Приятно все-таки видеть, как в женщинах пробуждается сексуальность. На Горе этот процесс не занимает много времени.

– Если уж на то пошло, - заявила четвертая в связке девушка, - самая красивая среди вас - я.

– Нет, я! - решительно возразила брюнетка.

– Перестаньте, - вмешалась в спор блондинка. - До меня вам обеим далеко.

Брюнетка задумчиво посмотрела в толпу:

– Решать будут они.

– Кто? - вскинула голову белокурая землянка.

– Наши господа.

– Господа?

– Да. Тот, кто нас купит, сам определит, кто красивее.

Перед помостом с землянками остановился статный парень в одежде дрессировщика тарнов. От него за версту несло запахом тарнского навоза.

– Только что переодел, - гордо объявил помощник работорговца.

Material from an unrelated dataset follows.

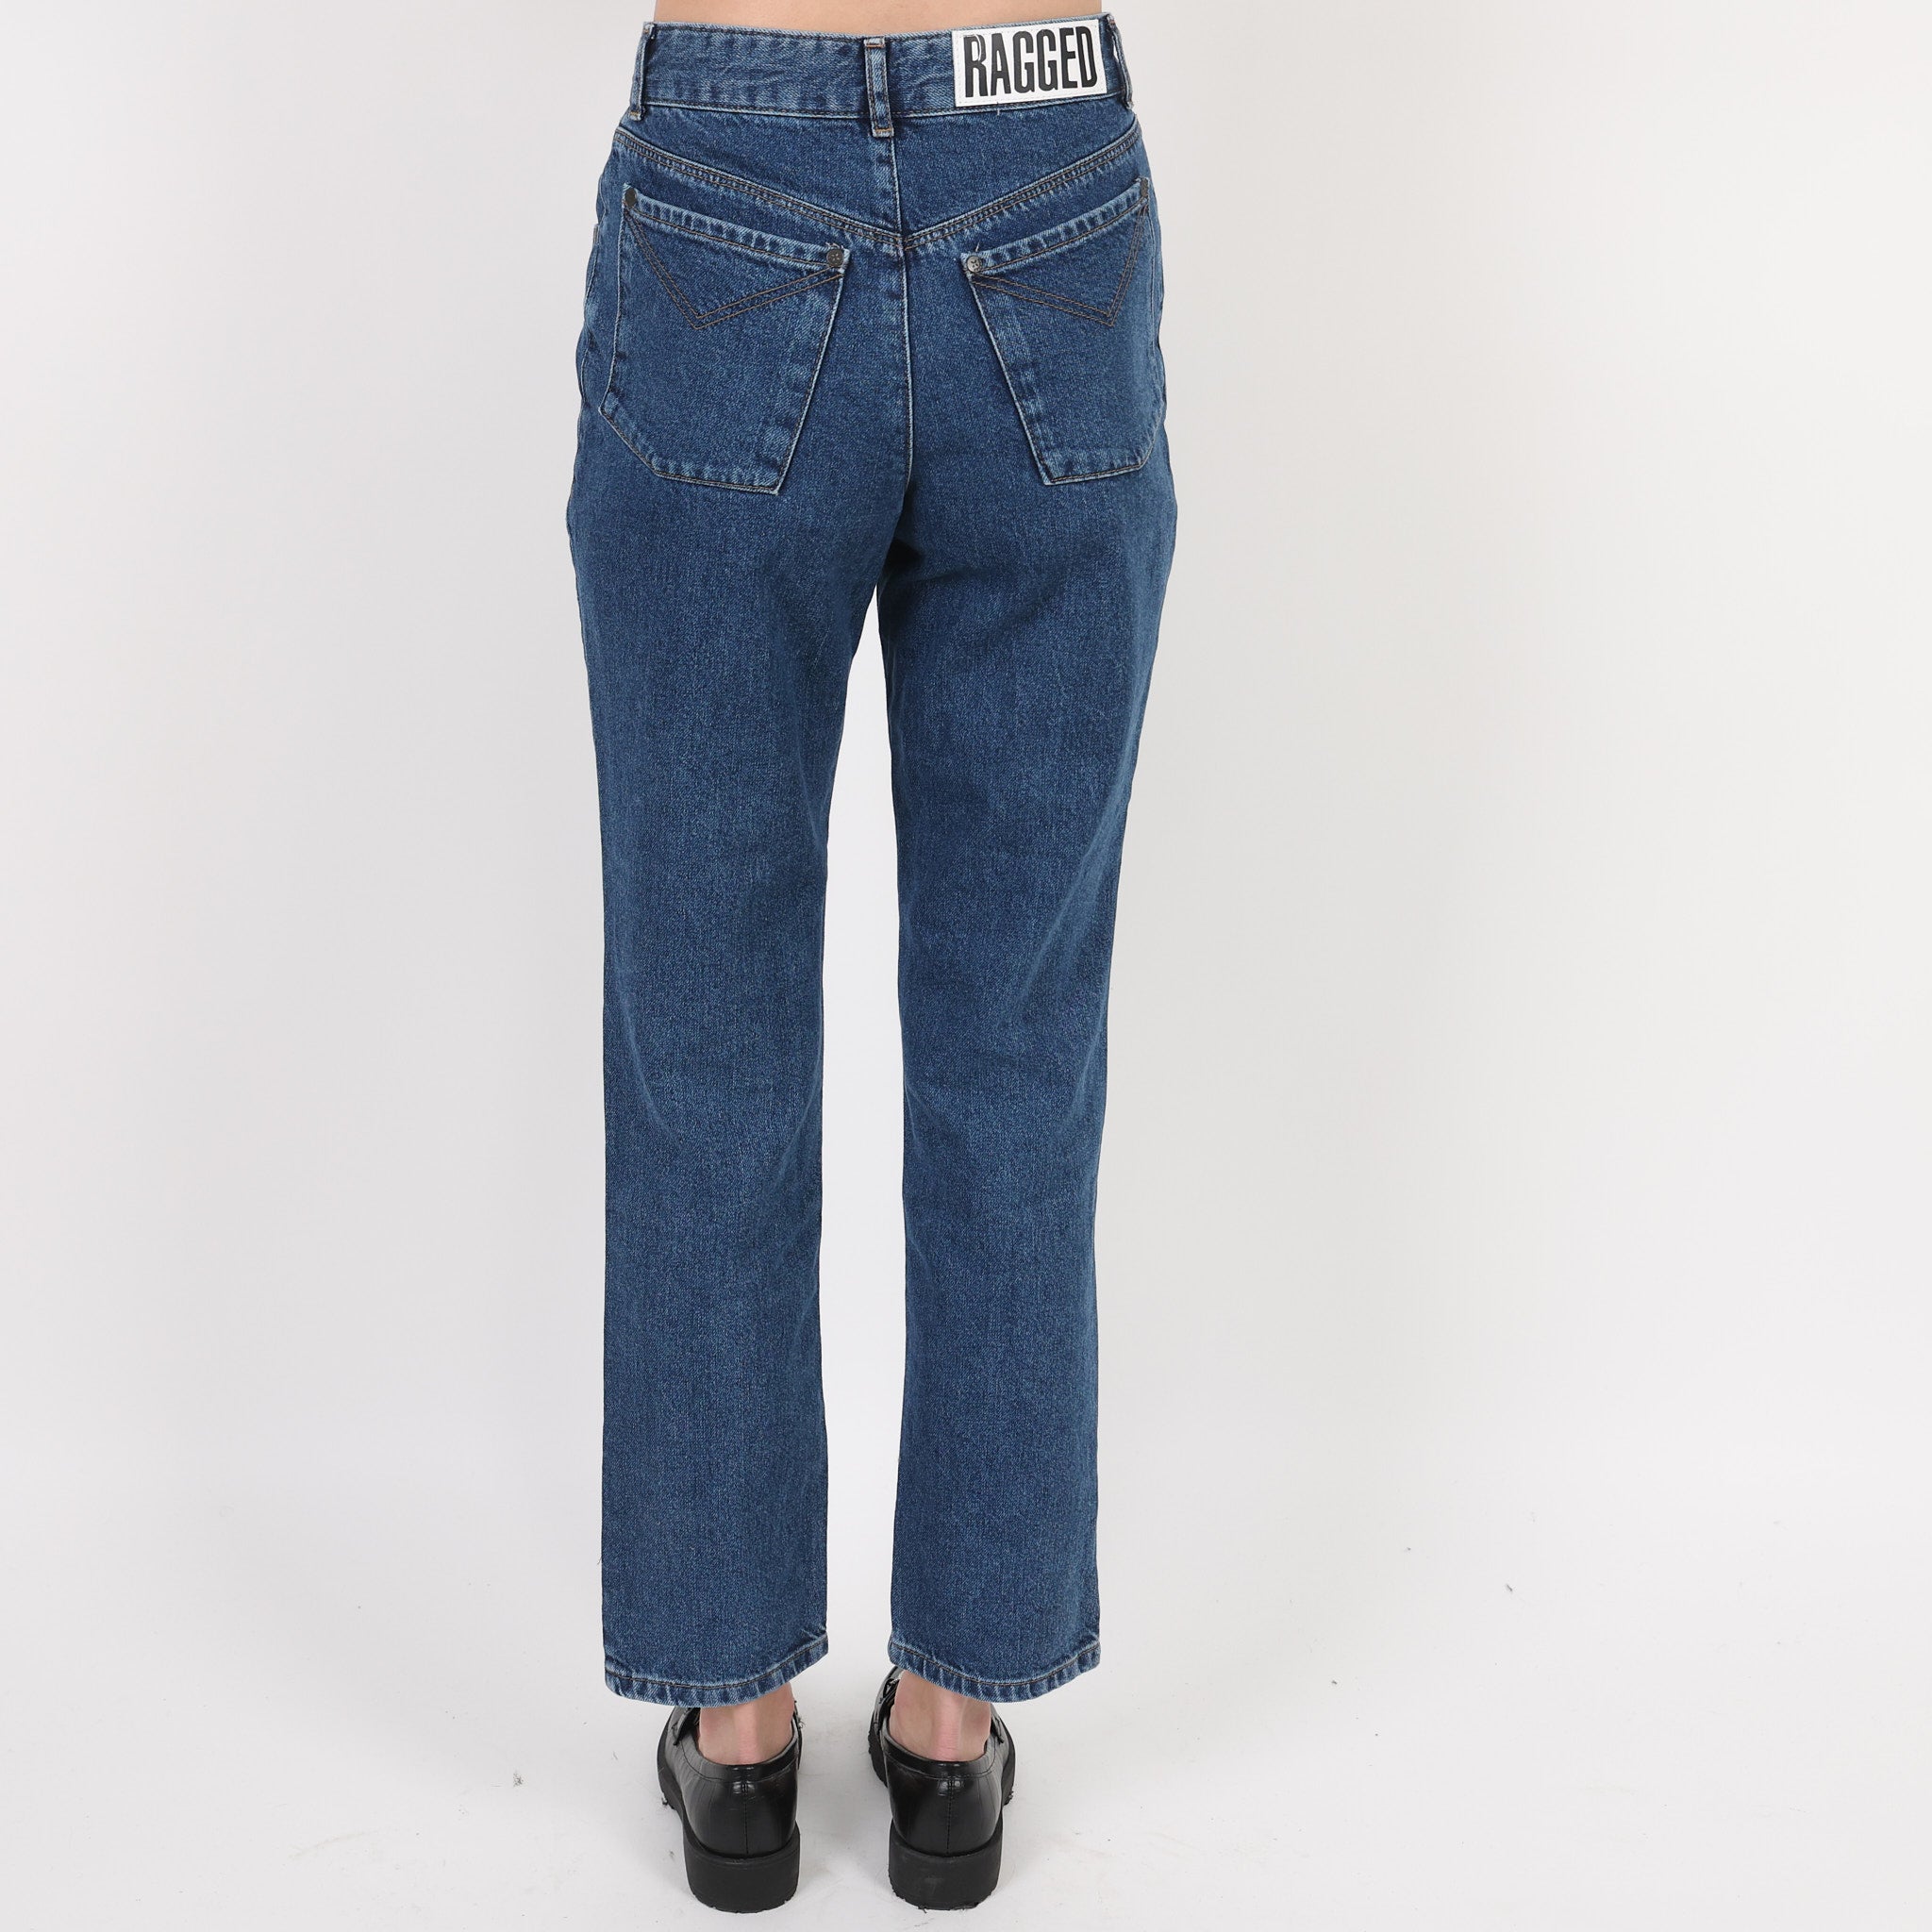 Jeans, Waist 28

– Мне нужна недорогая и работящая девка, - сказал парень. - Днем она будет чистить навоз и присматривать за тарнами, а ночью спать в моей хижине.

– Вот достойные кандидатуры, - слуга услужливо показал на четырех землянок, - Обрати внимание на эту, - он ткнул пальцем в блондинку и потянулся к краю ее туники.

– Не смей ко мне прикасаться, свинья! - завизжала девушка.

– Варварка? - произнес дрессировщик тарнов.

– Да, - кивнул торговец.

– А остальные?

Взгляд покупателя уперся в брюнетку. Та непроизвольно поежилась.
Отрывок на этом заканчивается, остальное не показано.